Was jobs and wage slashing necessary? Not to restore the competitive position of these countries, as the Baltics but Spain in fact also already knew wage levels which were enitrely competitive with those in Germany, Swizerland, Sweden, the Netherlands Austria etcetera. When you slash 4 Euro per hour wage costs in the Baltics with 10%, the real life economic difference with the 28 Euro per hour wages costs in Germany does not change in any meanigfull way (technology and education is basically the same in these countries).
External devaluation and defaulting on debt would have been the way ahead. Please, can anybody tell me why, when an economy declines, it is prudent to slash labor income while it’s seems to be a mortal sin to slash property income? When production is produced by labor as well as capital, should capital income not take a hit too? And should property income not take the hardest hit of all?
Who printed all the Euros to send fiat money in exchange for all those bubblous notes from the PIGS?
If the German went back to the DM what would happen to all the notes they hold from the PIGS denominated in Euros?
They are learning it is not much easier to dominate Europe with Euros than it tried with panzers.
And suppose the PIGS told the Germans “no bail-outs the bankers can go to blazes”?
No one is bombing Berlin in reprisal for weak control of where their bankers put the excessive fiat money.
Rebecca, this is one of the most interesting posts that I have seen in some time. Quite a story there.
Merijn –
Please, can anybody tell me why, when an economy declines, it is prudent to slash labor income while it’s seems to be a mortal sin to slash property income?
It’s simple. Remember the golden rule; “Who has the gold can make the rules.”
JzB
Merijn,
I want to commend you for pointing out that it was not for lack of neoliberal policies that the periphery of Europe are experiencing so much economic pain. But I also want to avoid drawing the conclusion that it was neoliberal policies that were to blame.

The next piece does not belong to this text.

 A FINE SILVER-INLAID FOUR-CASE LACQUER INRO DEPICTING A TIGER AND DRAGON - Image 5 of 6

It’s a general economic pattern in large currency unions (such as the US and the Eurozone) that monetary policy has a tremendous capacity to wreak asymmetric effects. Boom areas tend to suffer the most when money switches from being loose to being too tight. The US is no exception.

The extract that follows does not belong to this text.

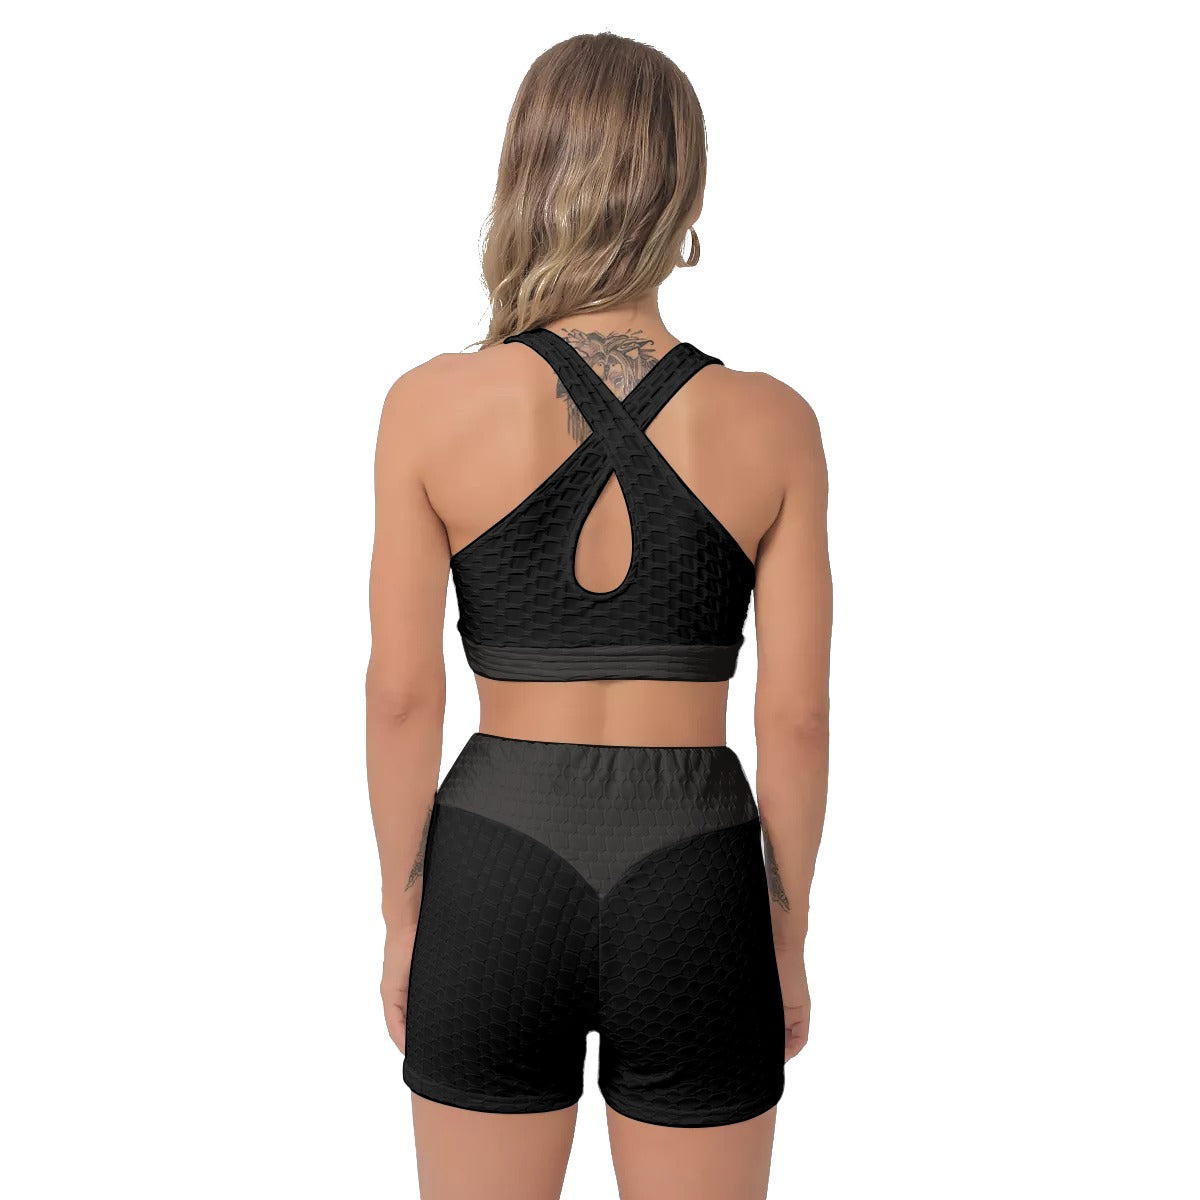 Women's Sports and Yoga Bra Suit - Personal Hour for Yoga and Meditations

I also want to take this opportunity to dispel the myth that asset price bubbles are the primary culprit in the busts that these areas experienced. In this case business friendly Nevada makes a convenient example.
The data for Las Vegas (Shiller) and Nevada (unemployment):
Month Shiller Unemployment
2006/7 233.07 4.4%
2008/7 154.37 6.7%
2010/7 100.92 14.4%
Sixty percent of the decline in housing prices had occurred before the great implosion in US nominal GDP, but only 23% of the runup in (mass) unemployment.

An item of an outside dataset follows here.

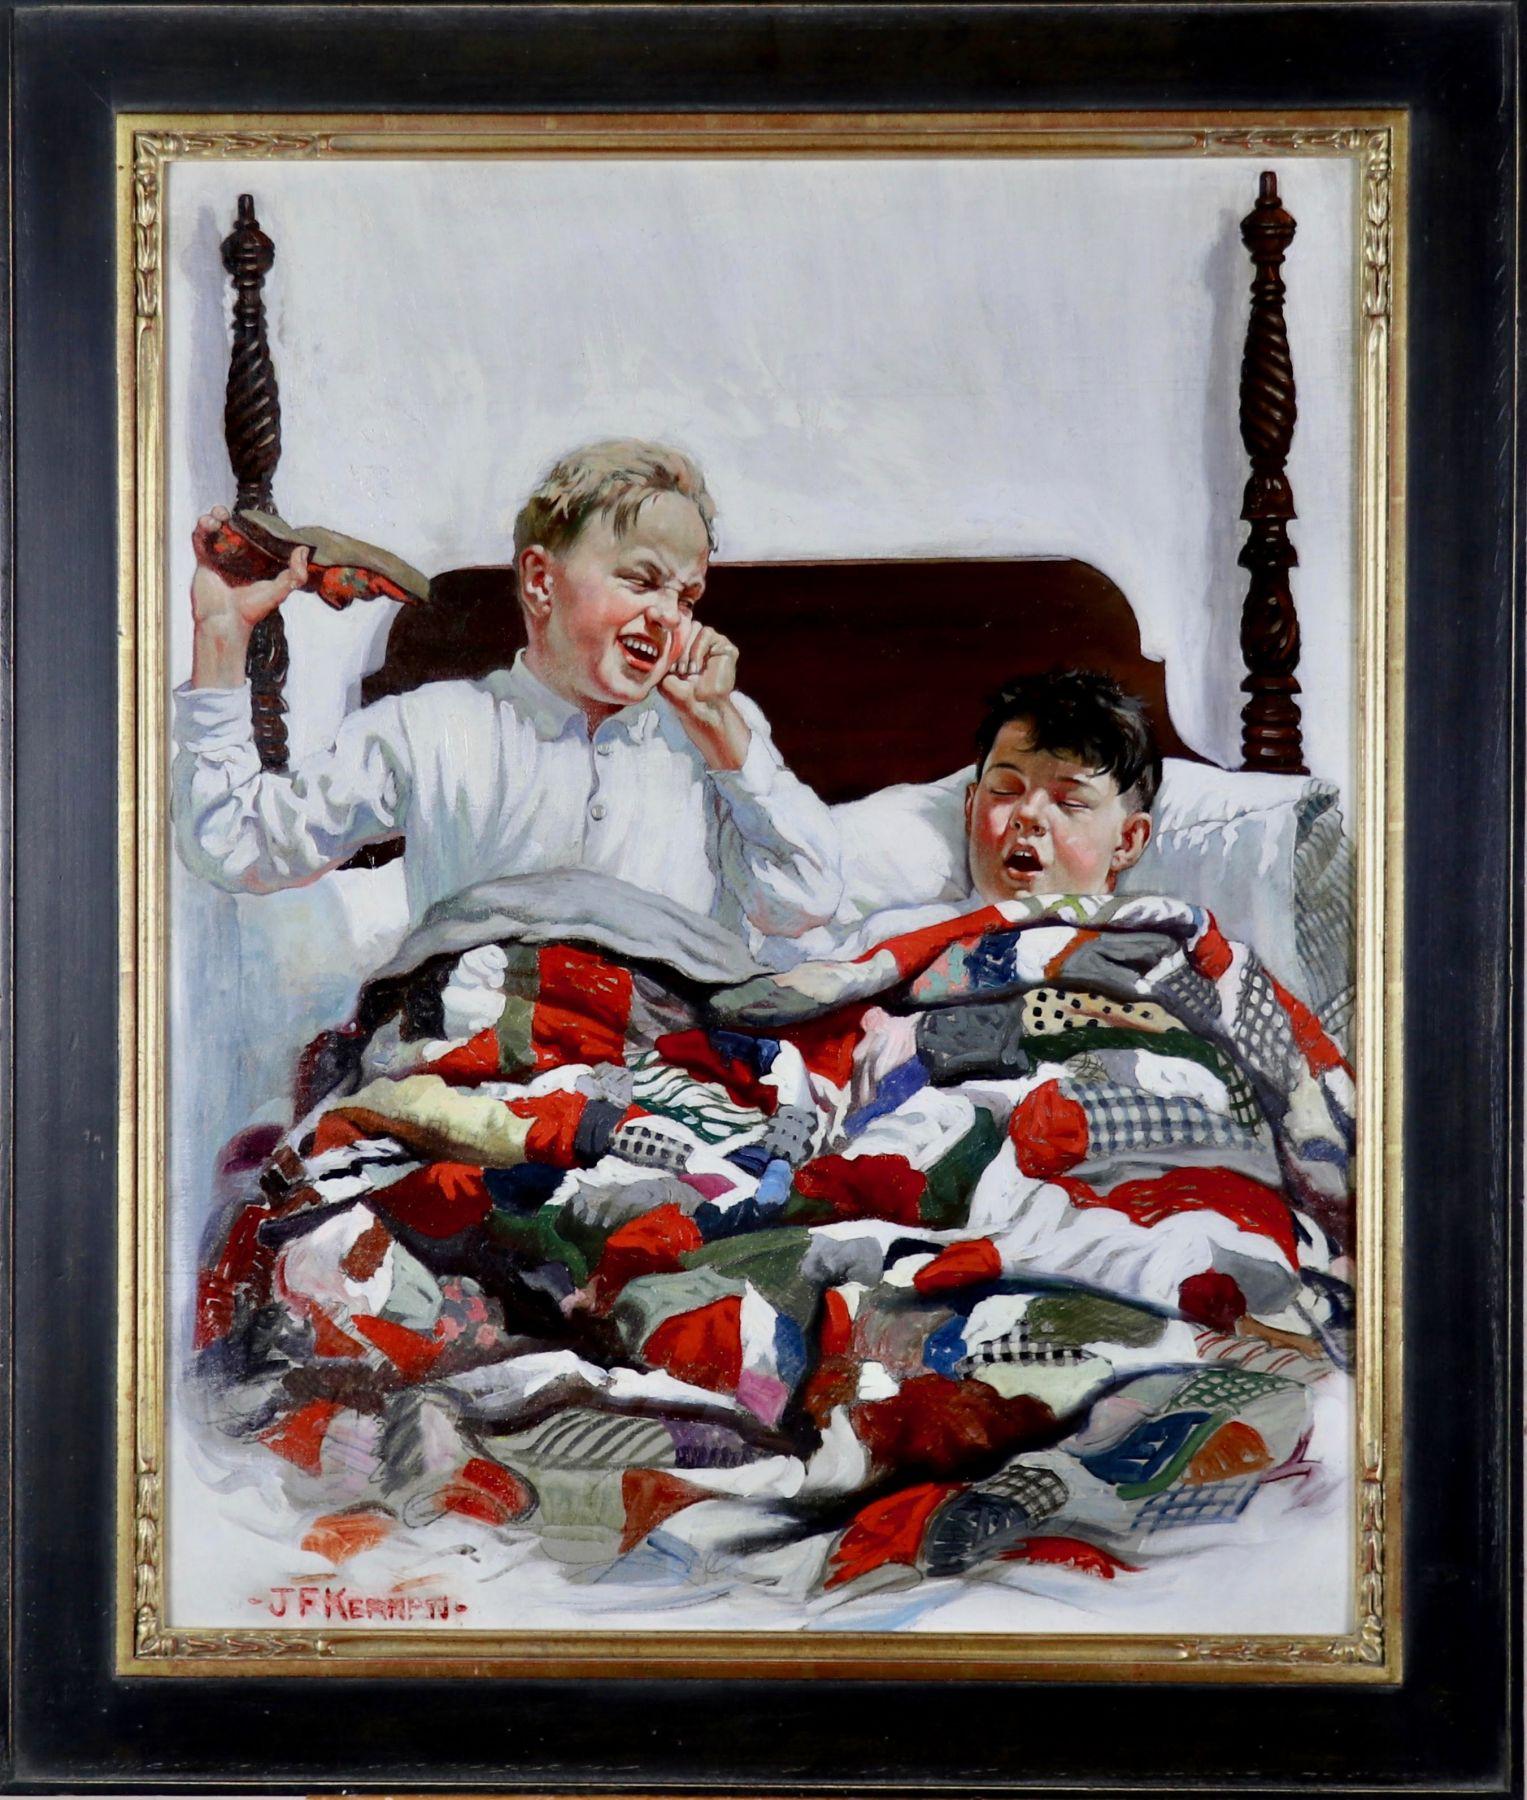 The Snoring Brother - Painting by Joseph Francis Kernan

The real problem is not fiscal or regulatory policies. And the real problem is not asset price bubbles. The “real” problem is a “nominal” problem simply known as excessively tight monetary policy. The ECB needs to loosen up to accomodate the periphery. If it refuses to accomodate the periphery then the Eurozone has no business even existing. (And perhaps even Nevada should consider printing its own currency.)
I guess people are getting more lazy in europe because the unemployed almost get the same allowance from the goverment compared to those who are working and paying for high taxes. Why work hard when you would get almost the same amount from not working right?